If you can easily afford all the Claude Code tokens you want, then you'll probably get better results from Sonnet. But if you already know enough programming to work around any issues that arise, the GLM models are quite usable.
But you can't easily run GLM 4.5 Air quickly without professional workstation- or server-grade hardware (RTX 6000 Pro 96GB would be nice), at least not without a serious speed hit.
Still, it's a very interesting sign for the future of open coding models.
This is the data for that claim: https://huggingface.co/datasets/zai-org/CC-Bench-trajectorie...
Maybe it's best for shorter tasks or condensed context?
I find it interesting the number of models latching onto Claude codes harness. I'm still using Cursor for work and personal but tried out open code and Claude for a bit. I just miss having the checkpoints and whatnot.
I think this is why many people have concerns about AI. This group can't express neutral ideas. They have to hype about a simple official documentation page.

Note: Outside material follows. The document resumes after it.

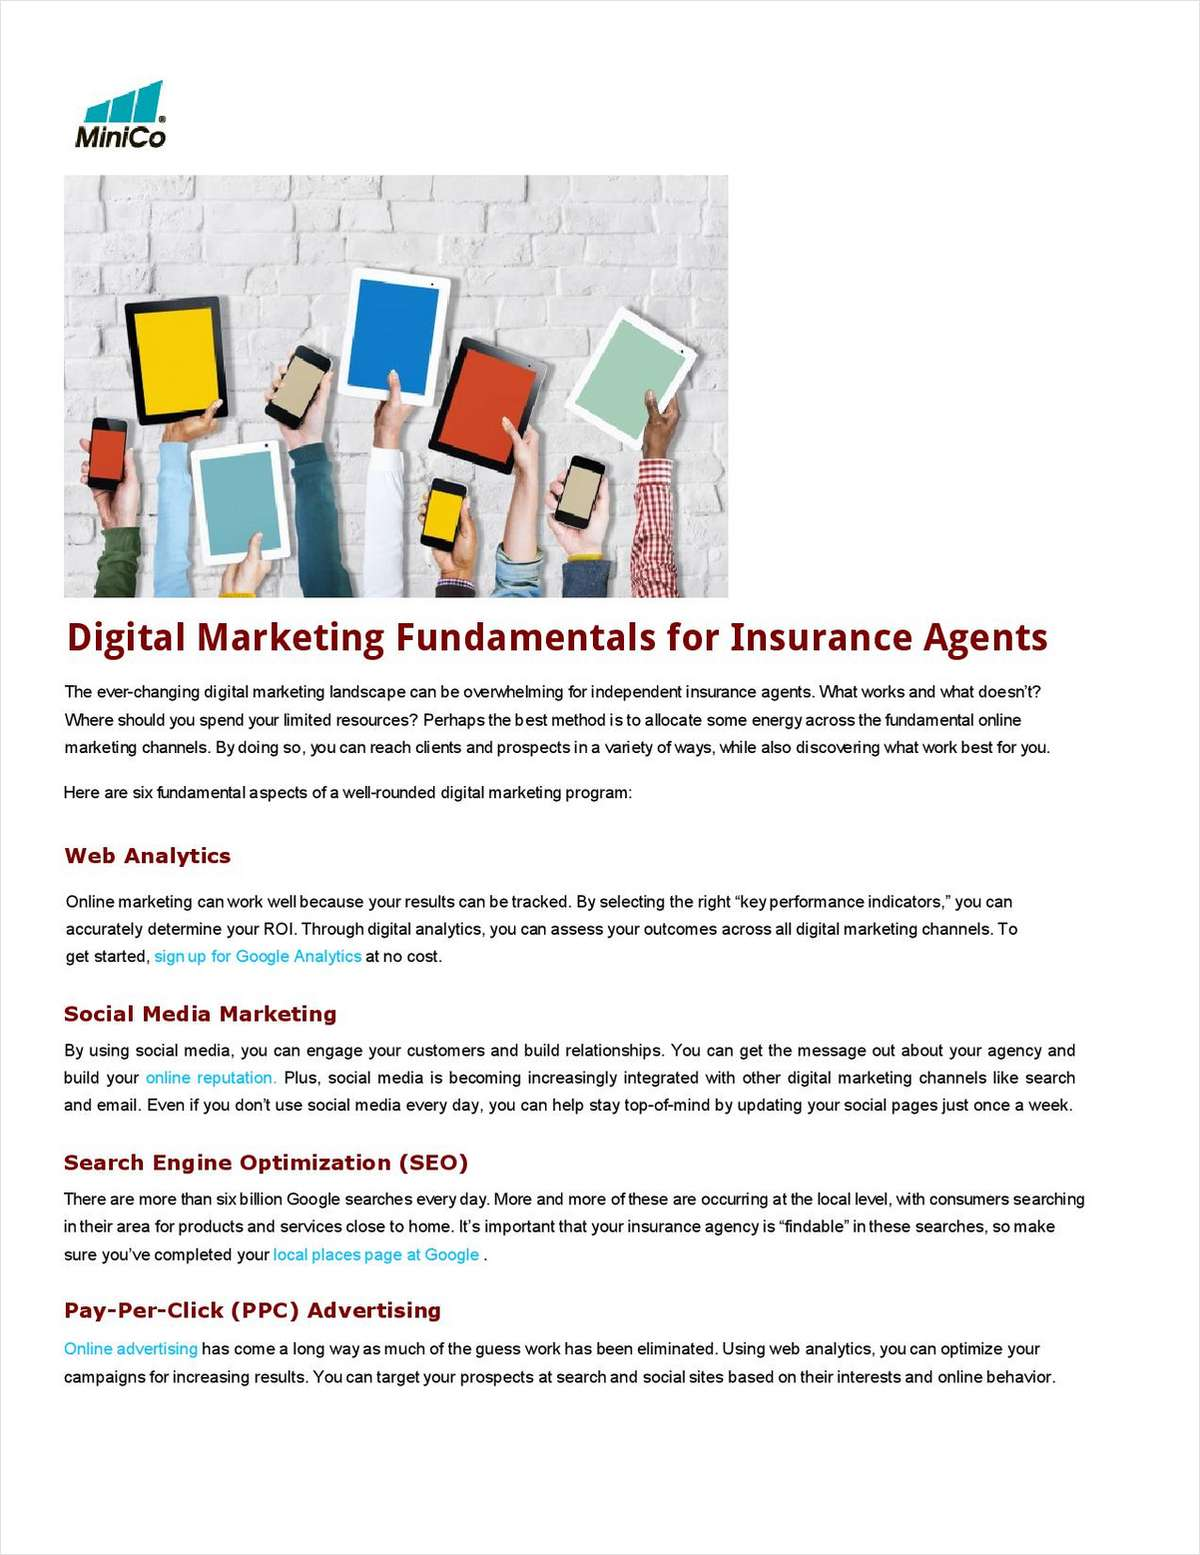 Digital Marketing Fundamentals for Insurance Agents
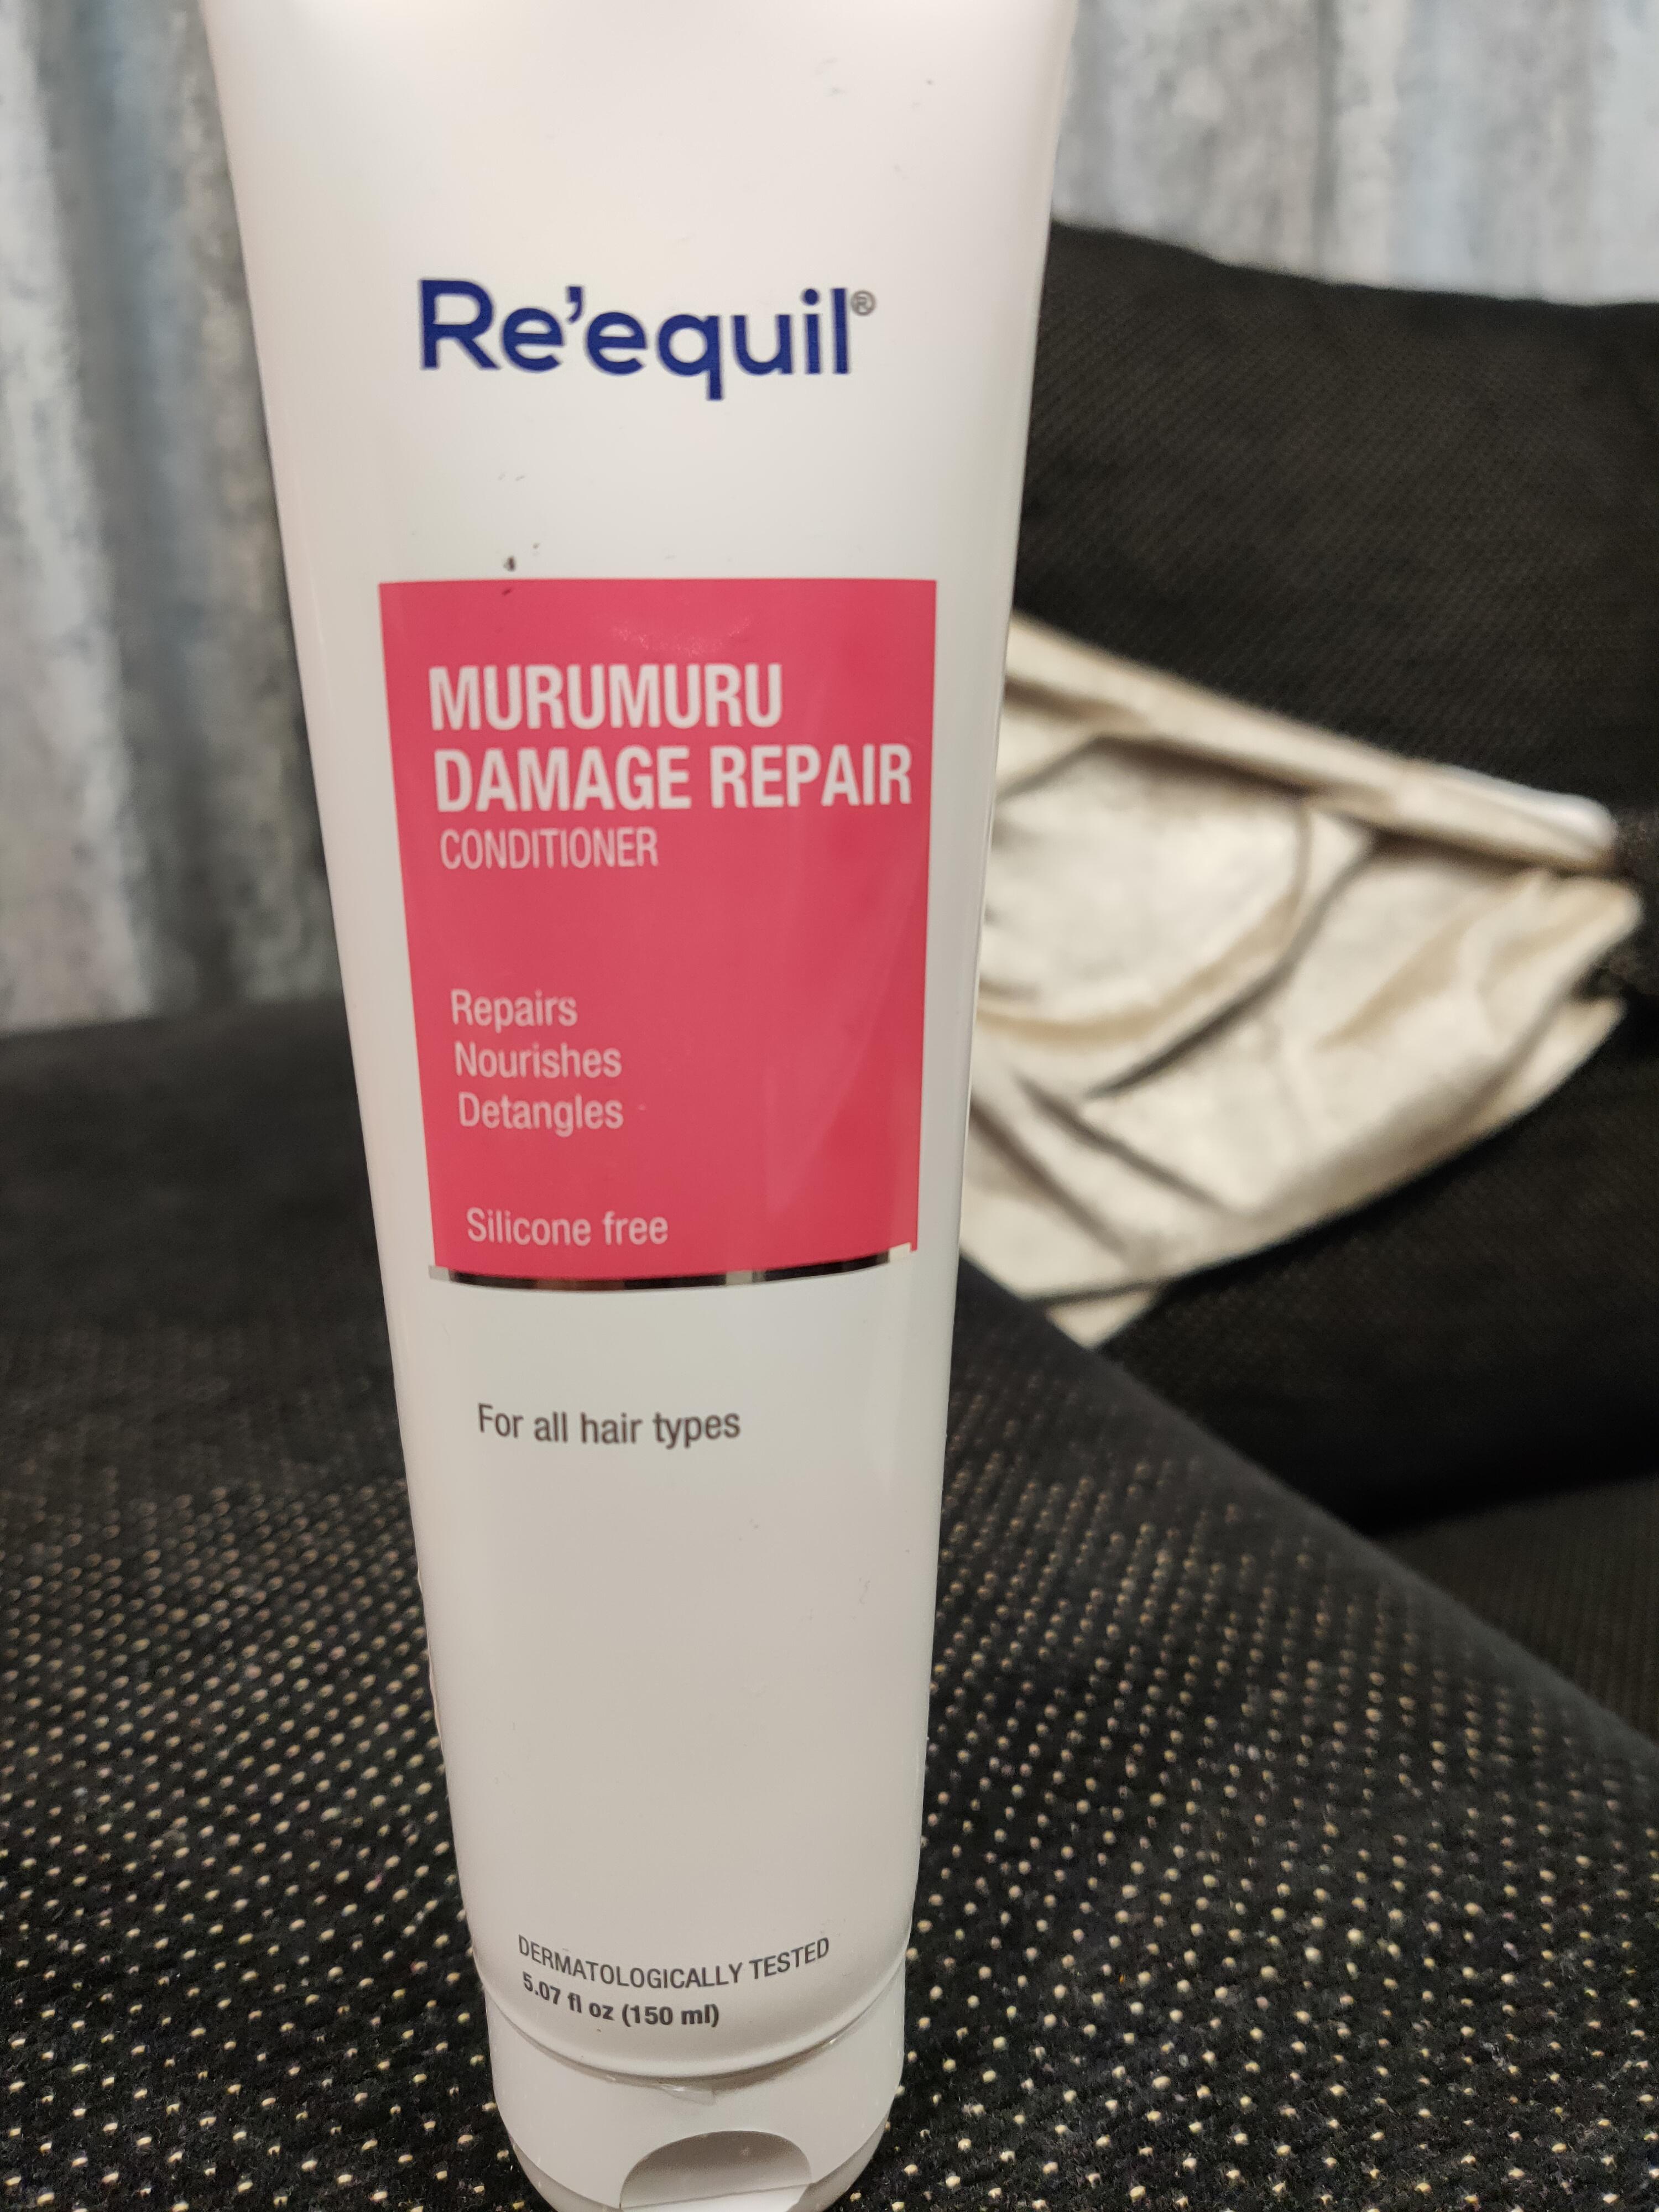 Re'equil Murumuru Damage Repair Conditioner -Best for damaged hair-By suhanigaba

Also fascinating how they solved the issue that Claude expects a 200+k token model while GLM 4.5 has 128k.
> GLM-4.5 and GLM-4.5-Air are our latest flagship models
Maybe it is great, but with a conflict of interest so obvious I can't exactly take their word for it.
My issue was with an article being posted with a title saying how amazing two things are together (making it seem like it was somehow an independent review), when it was actually just a marketing post by one of the companies.
This is quite nice. Will try it out a bit longer over the weekend. I tested it using Claude Code with env variables overrides.